The world of Jacques Tourneur’s The Leopard Man (1943) is suffocated by shadow — a type of landscape that is not, it goes without saying, ideal for a set of characters prone to looking over their shoulders. The movie’s villain, or so everybody thinks, is a black leopard. It’s on the prowl in a small New Mexico border town, unaccounted for after a local nightclub owner (Dennis O’Keefe) misguidedly tries to spruce up his performer girlfriend Kiki’s (Jean Brooks) ailing act by having her publicly try walking around with it on a leash. The creature darts after Kiki’s co-worker Clo-Clo (a wonderful Margo), whose own shtick involves vamping around the club with rhythmic castanets, clacks her instrument of choice too closely to the leopard’s face for comfort.
The cat leaves a nasty scratch on a waiter’s hand on the way out — a mark that seems like a soft kiss compared to what it will do later that night. After locking eyes with her in a tunnel, it lethally stalks a young woman (Margaret Landry) coming home from a misguided grocery-store visit demanded by her domineering mother. The attack is unquestionably the work of the disturbed animal. But whether subsequent killings — all of young women belonging to the town’s Mexican community — are also the work of a creature unusually more homicidal than hungry isn’t as clear.
The Leopard Man isn’t much longer than an hour; narratively, it doesn’t overly complicate the murder mystery it establishes. But like much of the other horror handiwork from the men responsible for it — director Tourneur and producer Val Lewton — it nonetheless distinguishes itself from other throwaway genre fodder. Its sensitivity and quality-mindedness put it in league with movies of the era that had been bequeathed with more resources and prestige. Like Tourneur and Lewton’s other collaborations, Cat People (1942) and I Walked with a Zombie (1943), The Leopard Man makes you overlook its lack of budget by generating pulse-quickening thrills through a canny use of shadow, paucity of music, and surprising amount of compassion.
The way The Leopard Man approaches its stalk-and-slash sequences foreshadows the slasher movies that later peaked in popularity in the 1980s. But unlike how its spiritual successors tended to, the movie sees its victims as something more than disposable, going to great lengths to establish its doomed roundelay of women as people who, in life, had the sorts of desires and anxieties that are often cast aside in victim narrativizing. We see one wake up on her birthday morning, lit angelically by the sun that streams in through her bedroom windows. Her family awakens her with a bouquet of fresh flowers; she can hardly contain her excitement to meet up with her boyfriend later. Another, drawn with a lovable personality and appreciable talent, is frank about her financial anxieties and unmoving loyalty to the lower-class family that relies on her to get by.
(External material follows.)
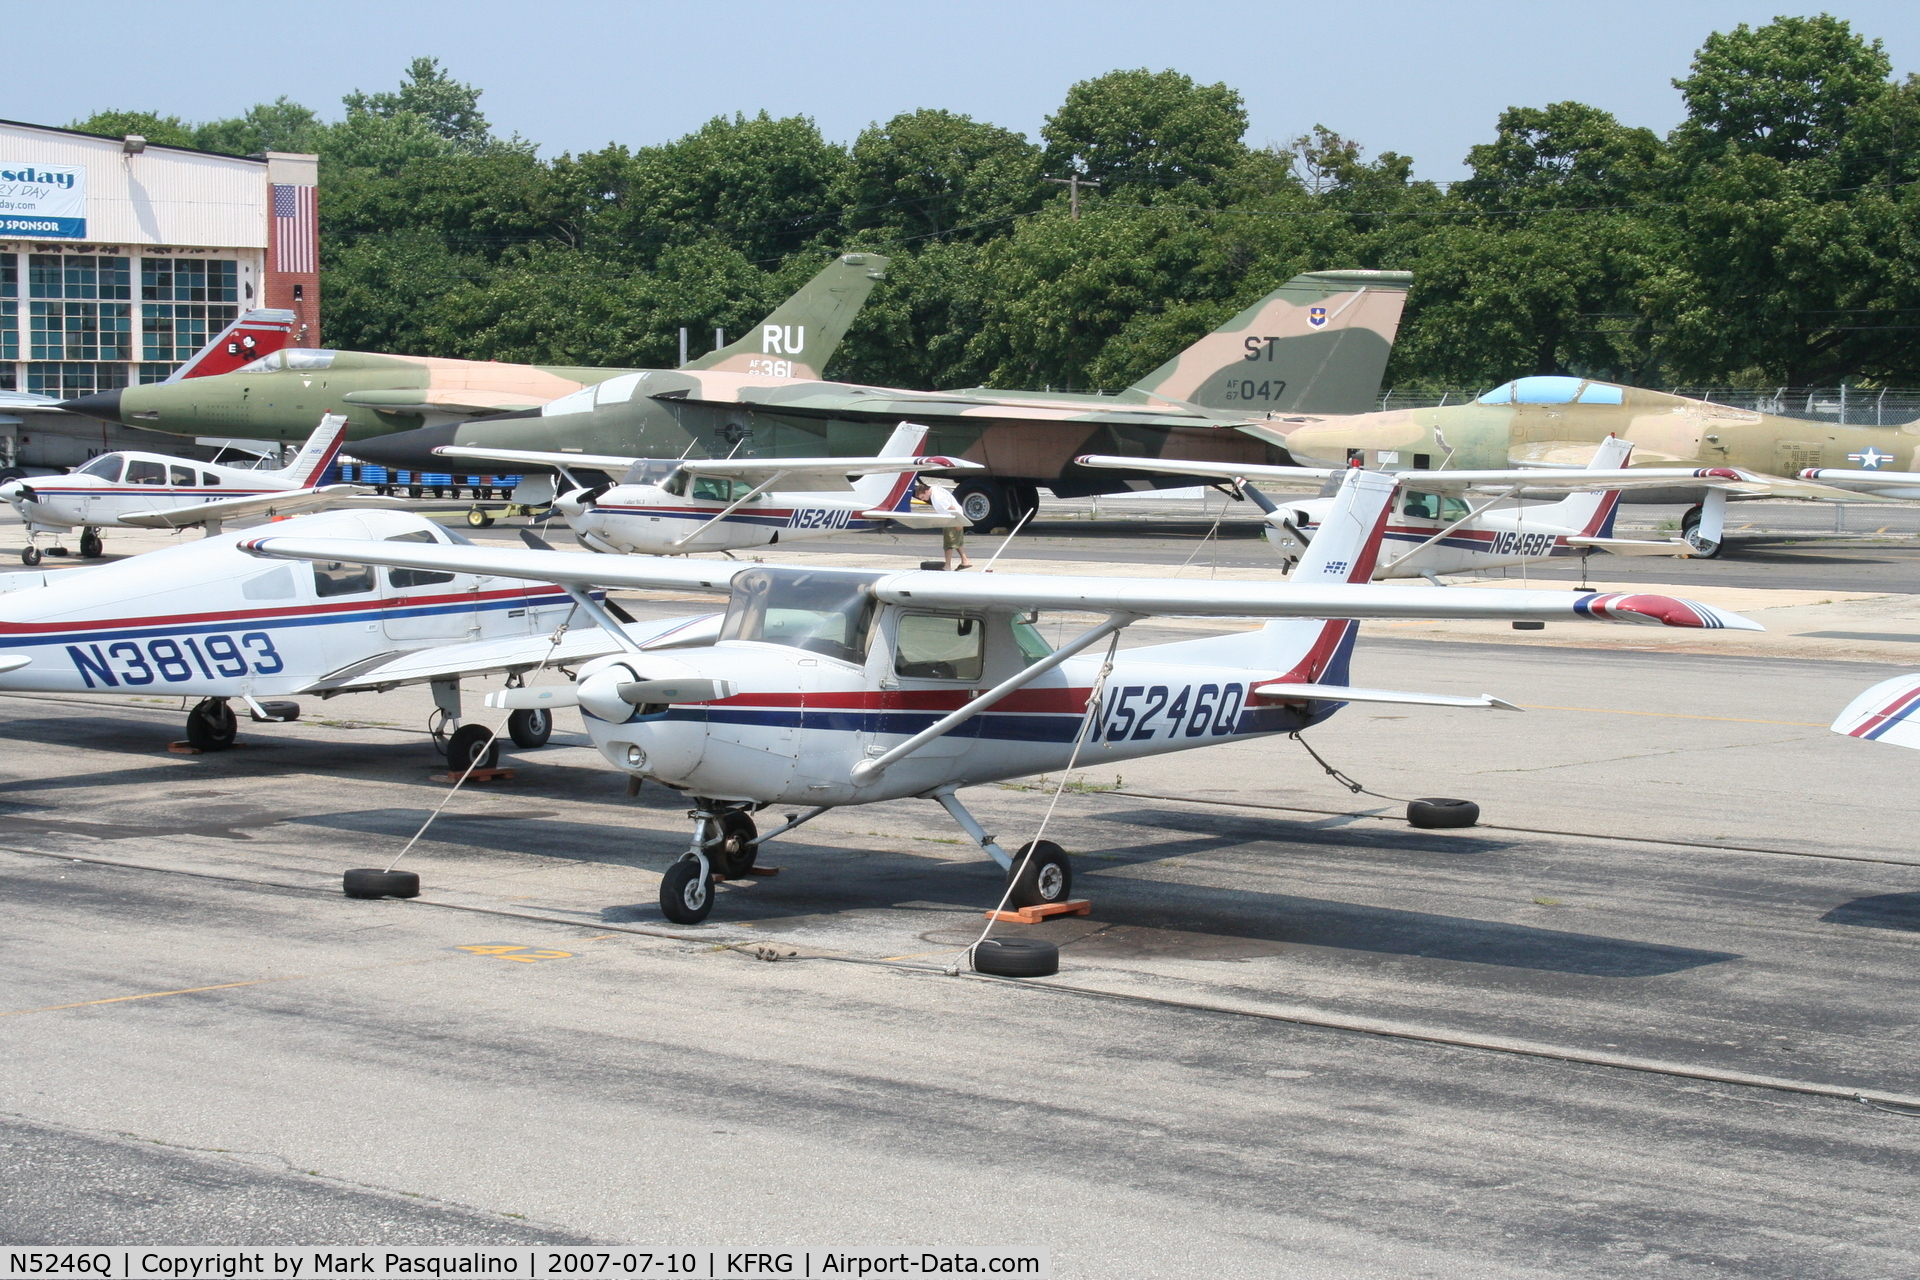 N5246Q, 1981 Cessna 152 C/N 15285092, Cessna 152

Lewton’s work in horror wasn’t confined to his collaborations with Tourneur. His run in the 1940s producing genre movies more broadly is now legendary. He used look-at-me titles like The Body Snatcher (1945) and Isle of the Dead (1946), less-than-$150,000 budgets, and followed through with beautifully made works whose stories consistently could be read allegorically for larger societal problems — a trait that is, of course, discernible in the horror genre’s most lasting products. (The Leopard Man, whose setting is explicitly acknowledged to have an ugly colonial history and which sees real-time deaths of people of color as both directly and obliquely the fault of self-interested white people, evokes white supremacy’s corrosiveness.) Lewton died, prematurely, of a heart attack only a few years after his years-long stint in horror faded; the seriousness with which he took a regularly disrespected genre ought to be continually aspired to.